# [What you have to do]
Return the whole listing exactly, omitting the pictures.

# [Data block]
##########
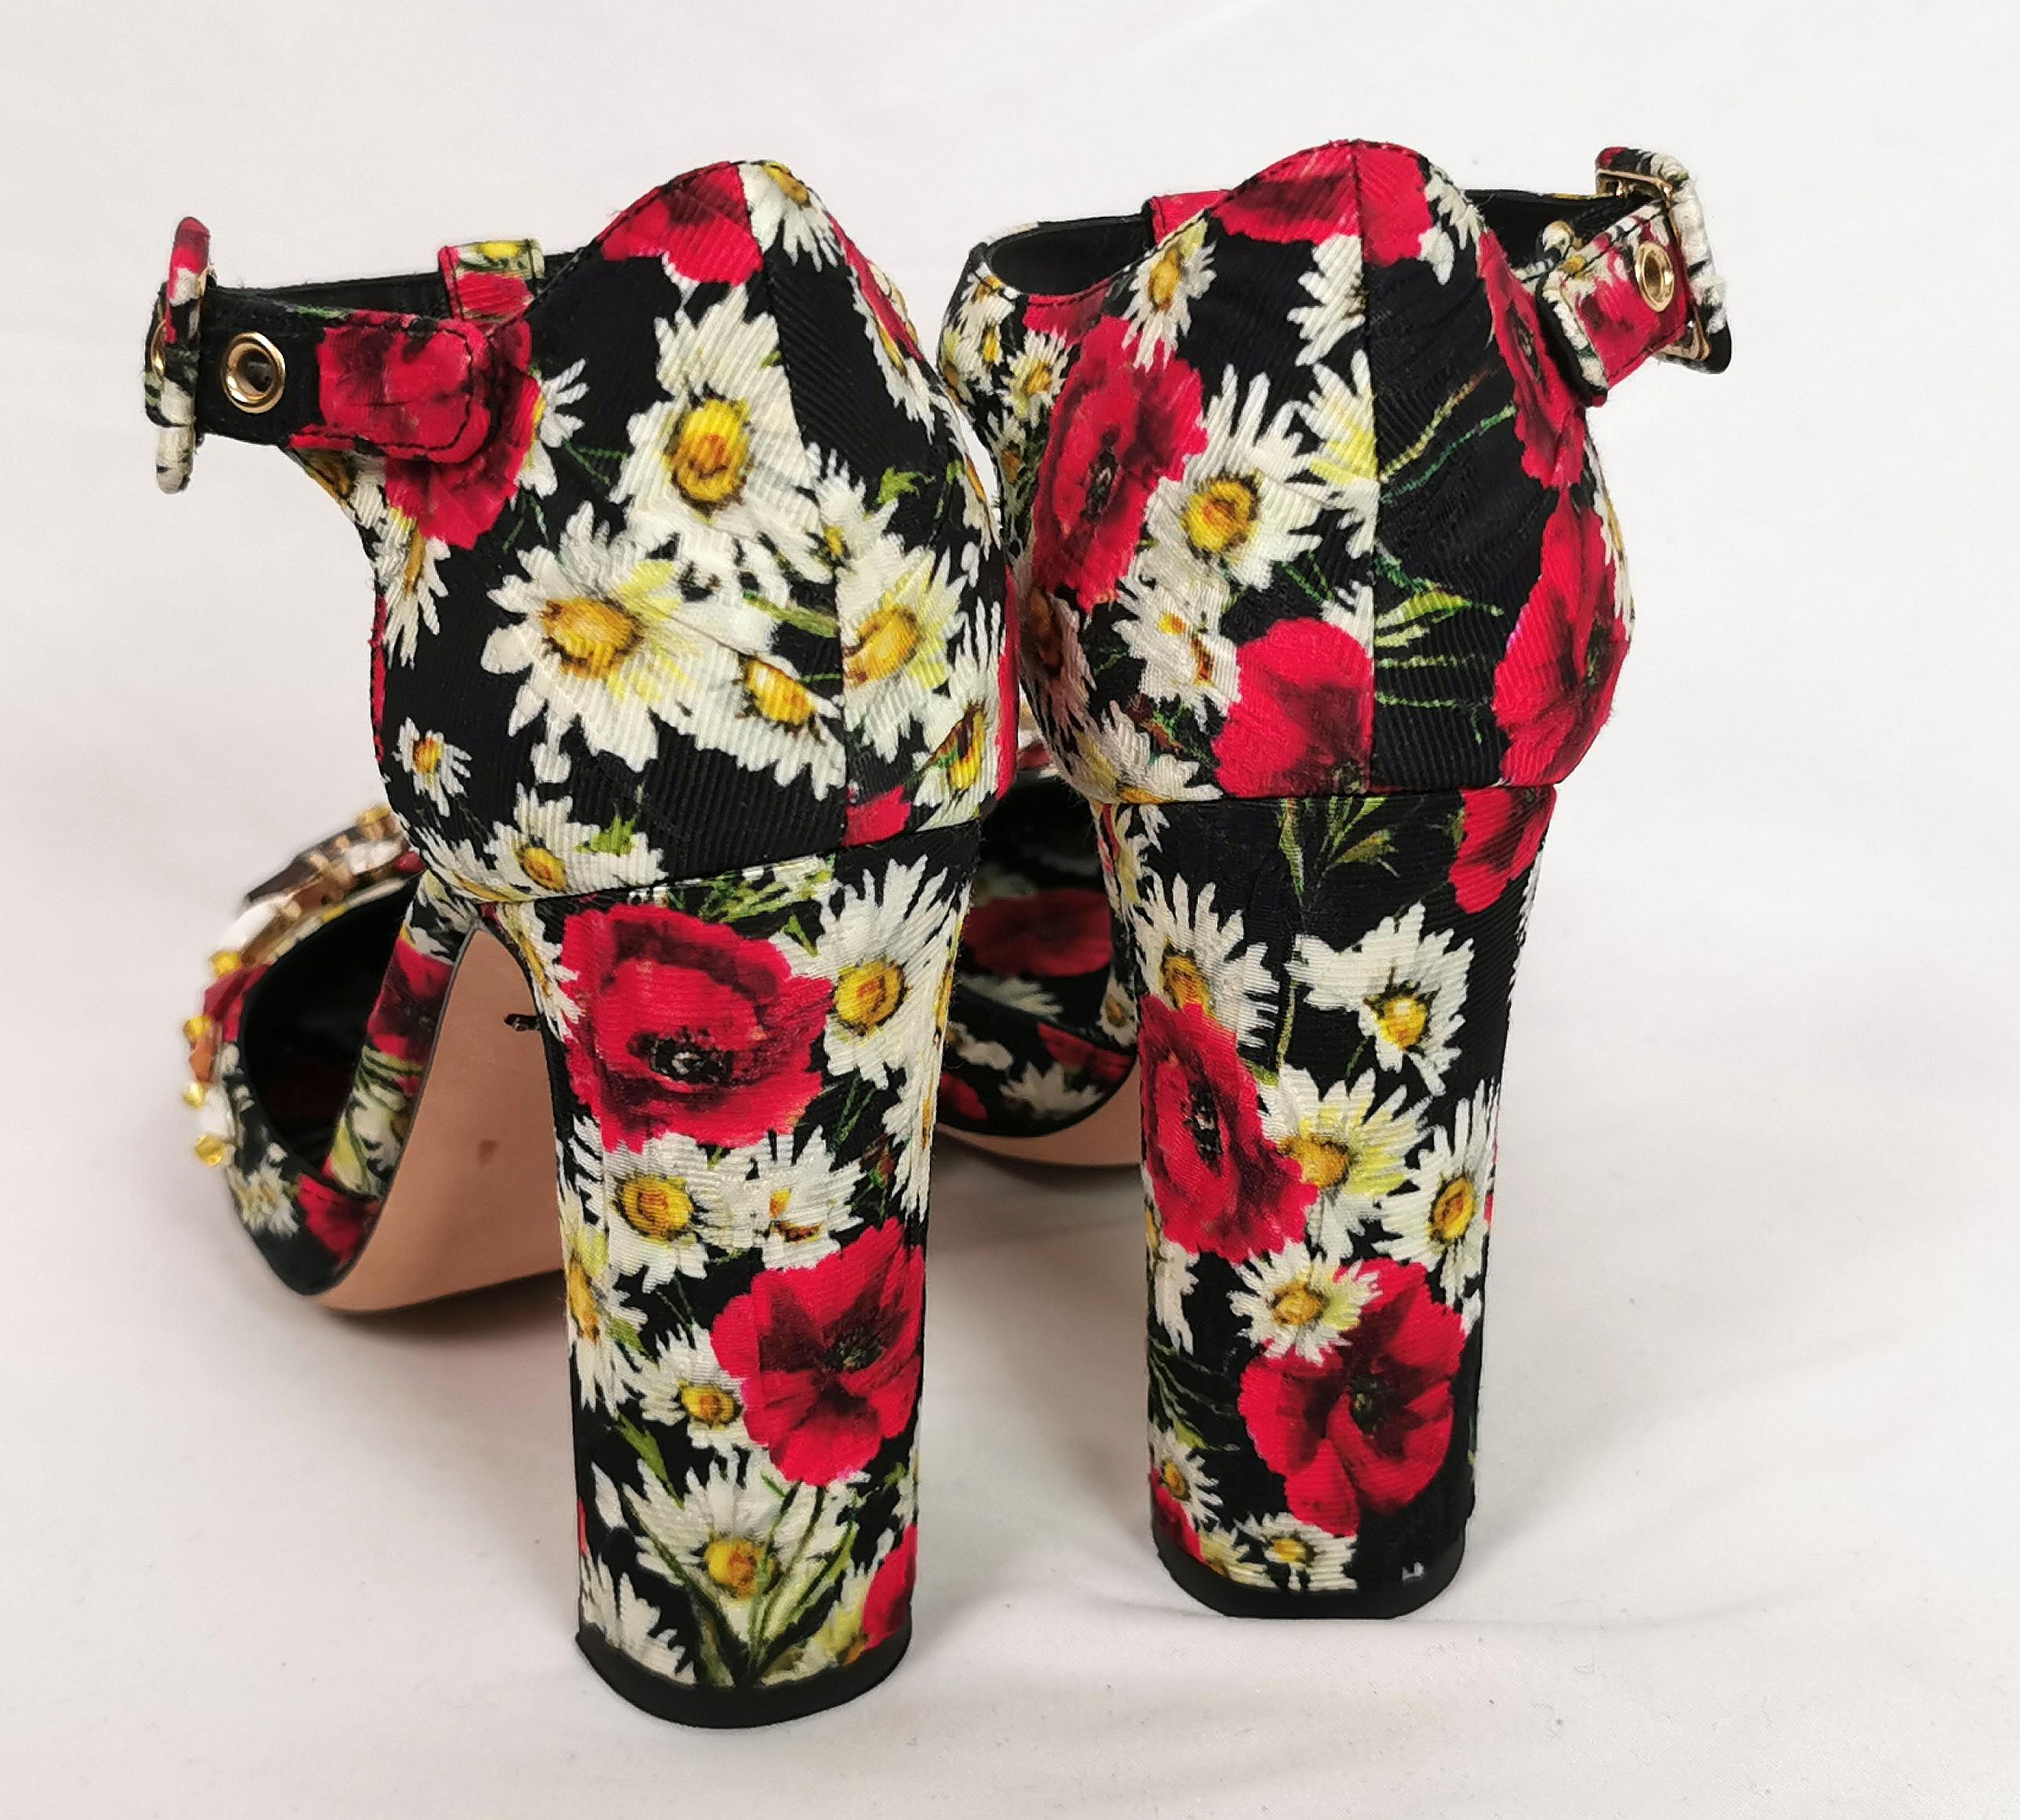 Dolce and Gabbana floral jewelled heeled sandals, Poppy and Daisy shoes  7
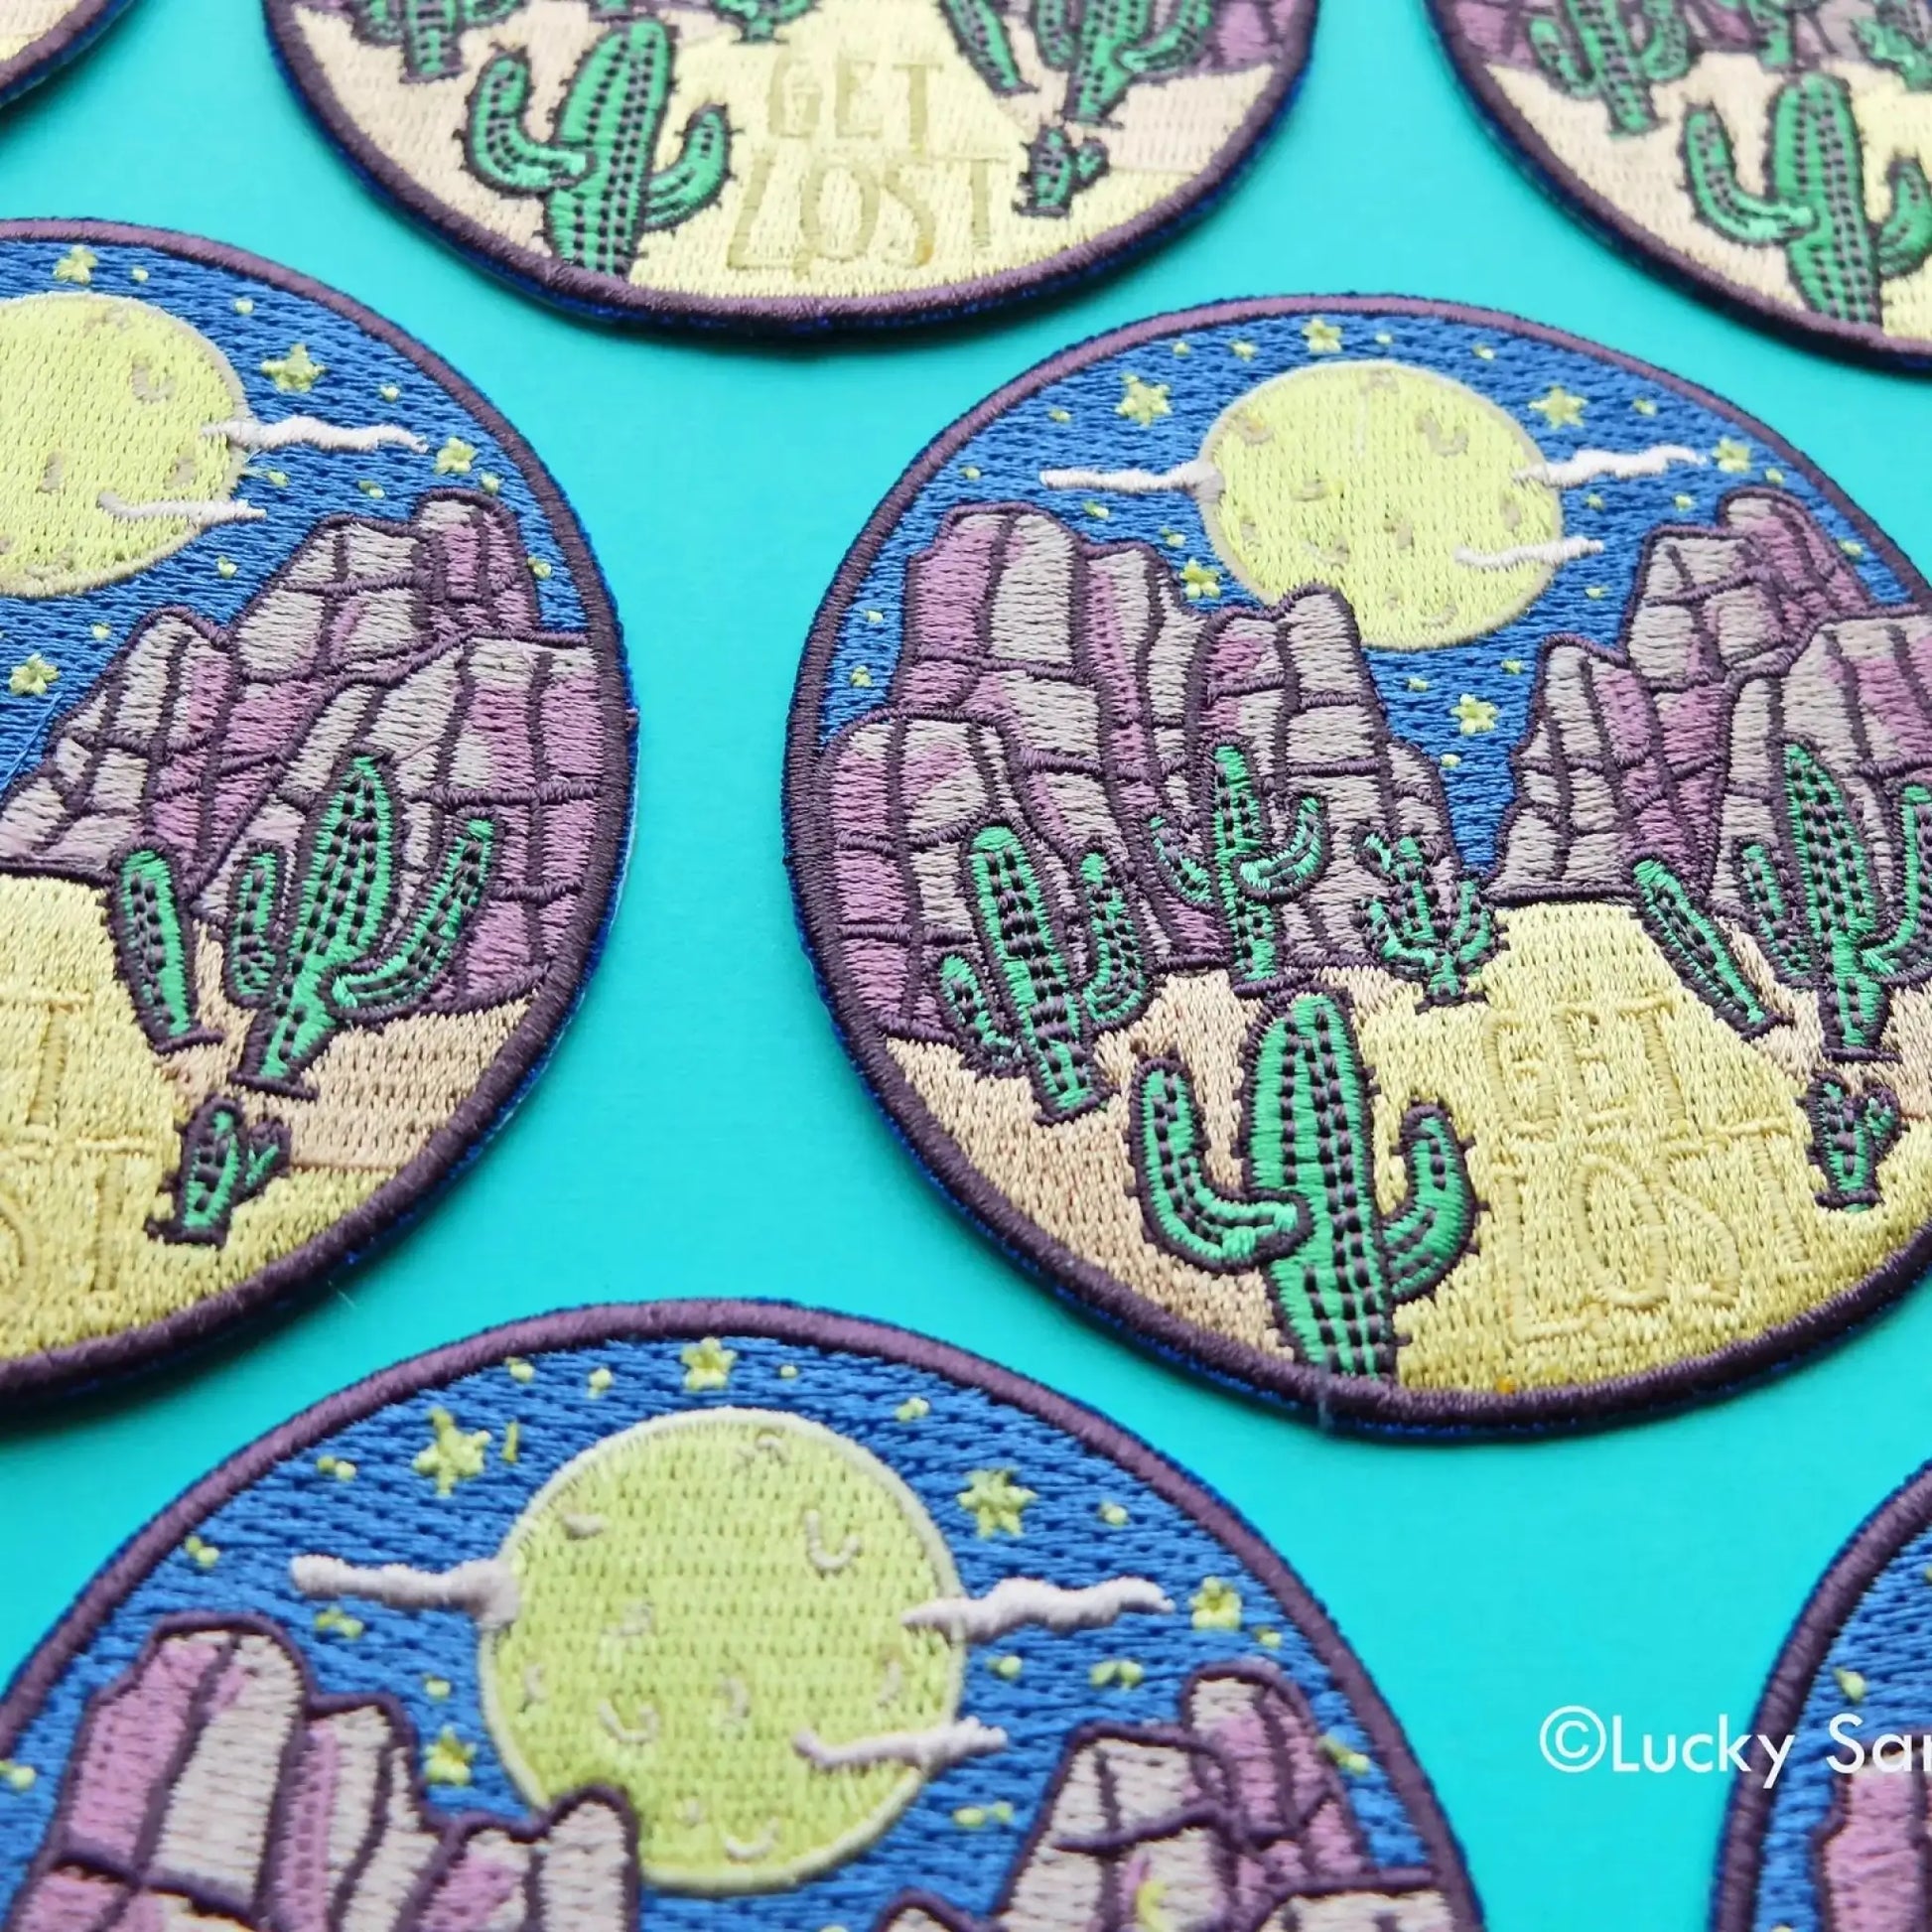 Desert Night Get Lost Embroidered Patch
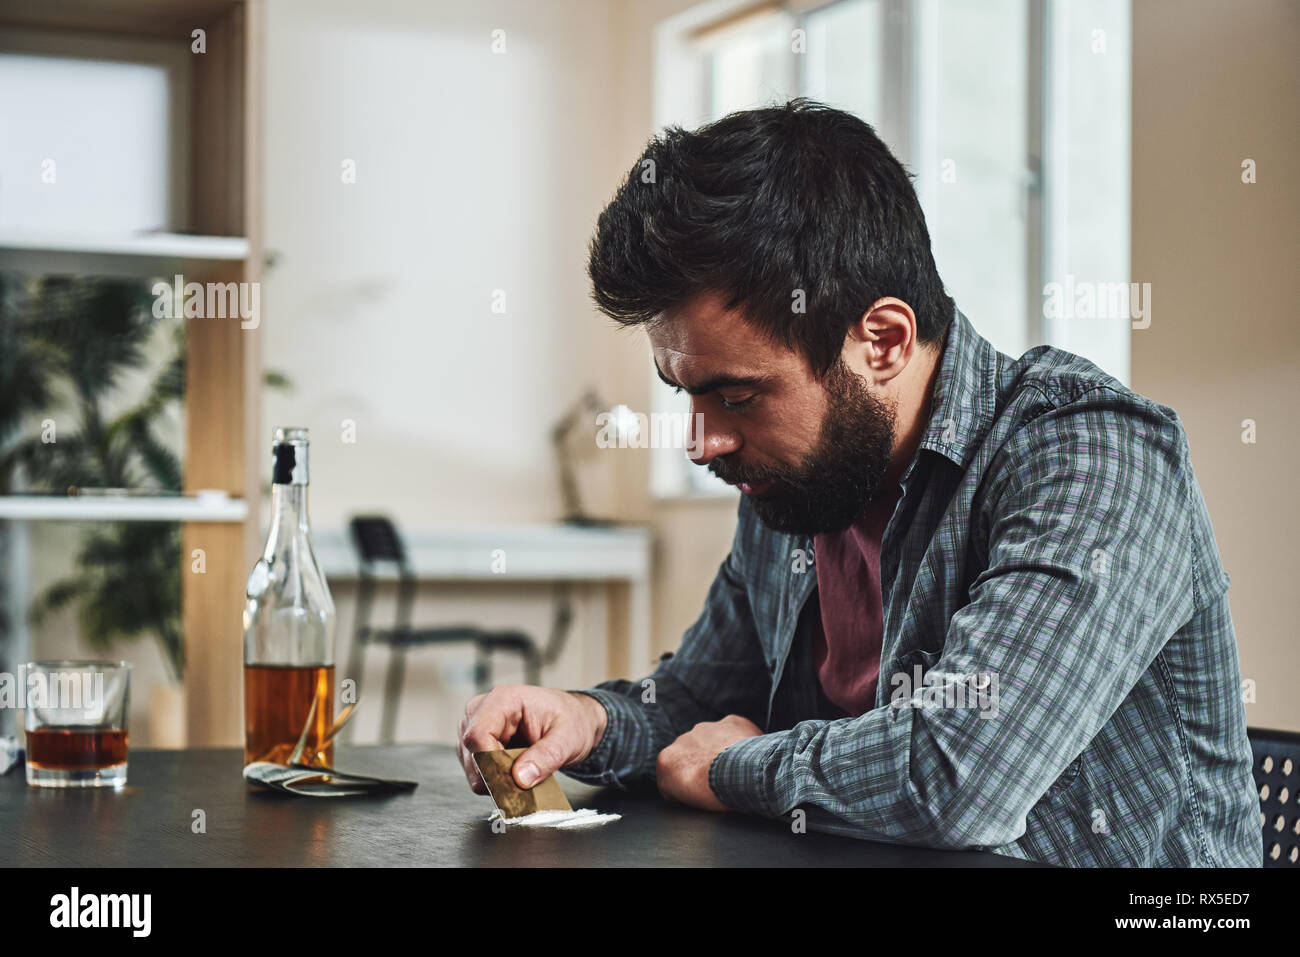 Depressed bearded man sits at the table, preparing to snort a line of cocaine using bank note. He is suffering from problems at work and troubles in r Stock Photo
##########
# [Final answer]
 Dolce and Gabbana floral jewelled heeled sandals, Poppy and Daisy shoes  7
 Desert Night Get Lost Embroidered Patch
 Depressed bearded man sits at the table, preparing to snort a line of cocaine using bank note. He is suffering from problems at work and troubles in r Stock Photo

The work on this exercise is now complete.